Sirach 6:5-6 “Pleasant speech multiplies friends, and a gracious tongue multiplies courtesies. Let those who are friendly with you be many, but let your advisers be one in a thousand.” This episode talks about how we should be nice to others. It also talks about he importance of being selective with you we let advise us. Music:"Adding the Sun" Kevin MacLeod (incompetech.com) Licensed under Creative Commons: By Attribution 4.0 License http://creativecommons.org/licenses/by/4.0/
Be Intentional With Who You Take Advice From
Sirach 6:5-6 “Pleasant speech multiplies friends, and a gracious tongue multiplies courtesies. Let those who are friendly with you be many, but let your advisers be one in a thousand.”

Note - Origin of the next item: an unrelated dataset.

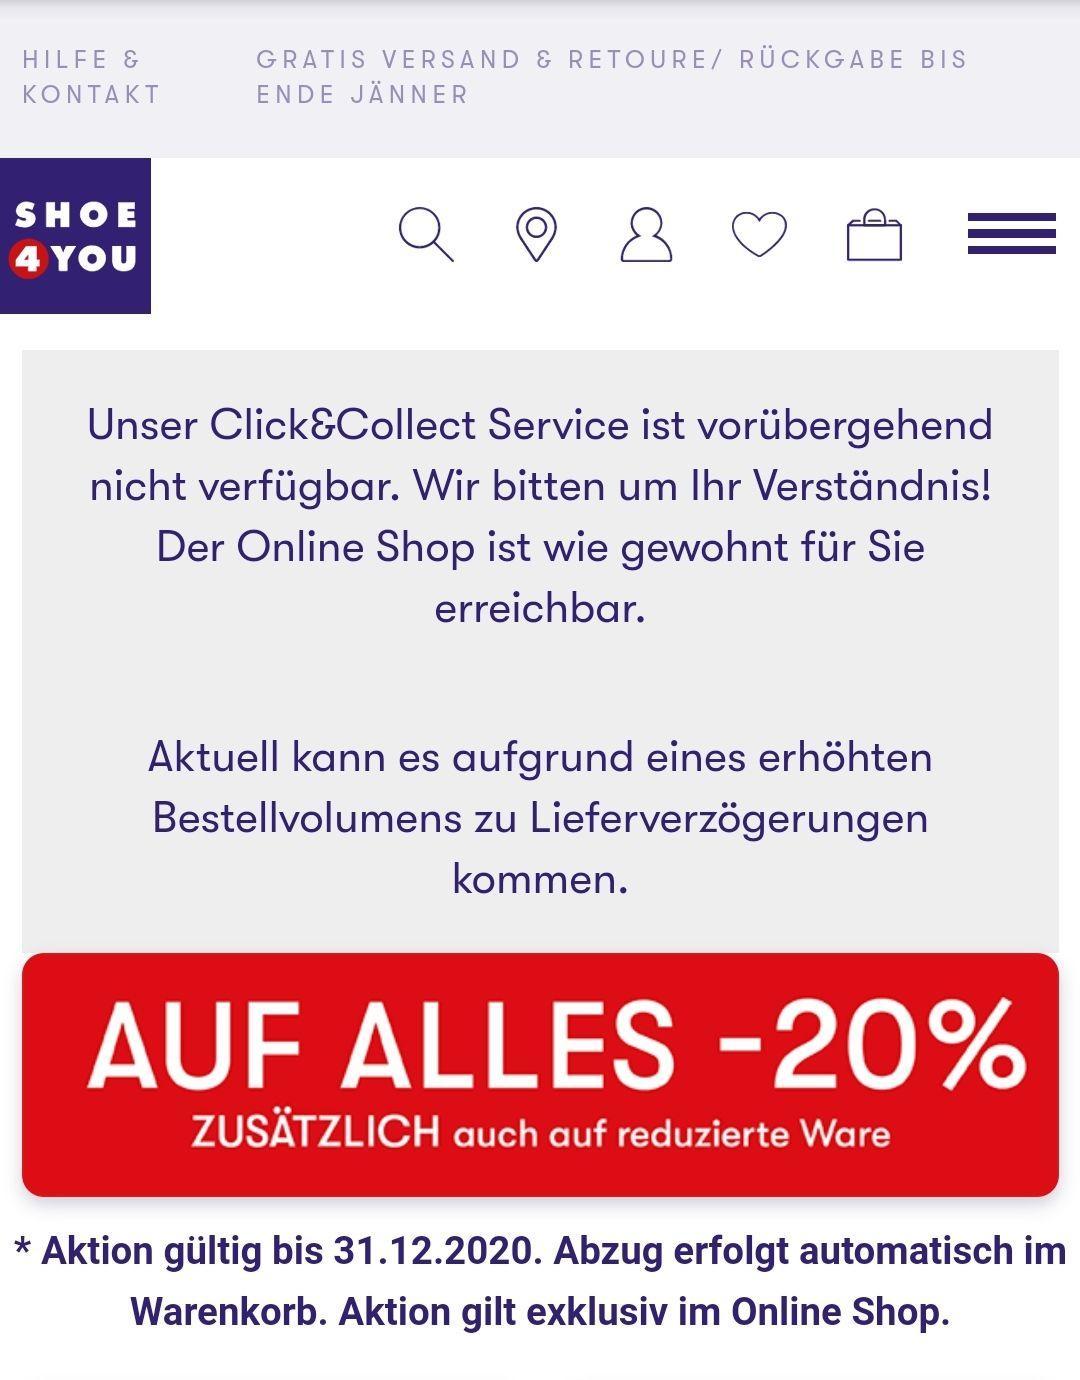 Shoe4you -20% auf Alles (diesmal auch auf reduzierte Ware)

The first part of this verse is something that we all know, but not something we think of often. Pleasant speech multiplies friends, I think we all know this. If we want people to like us then we should speak nicely to people. No one wants to be friends with someone that is unkind to them. However, how often do we intentionally think about this? How often do we pay attention to how we are talking to others? It also says that a gracious tongue multiplies courtesies. People are going to be kinder to you if you are kind and gracious to others. You have heard the “golden rule” treat others as you want to be treated. Are you doing it? Are you following the “golden rule?”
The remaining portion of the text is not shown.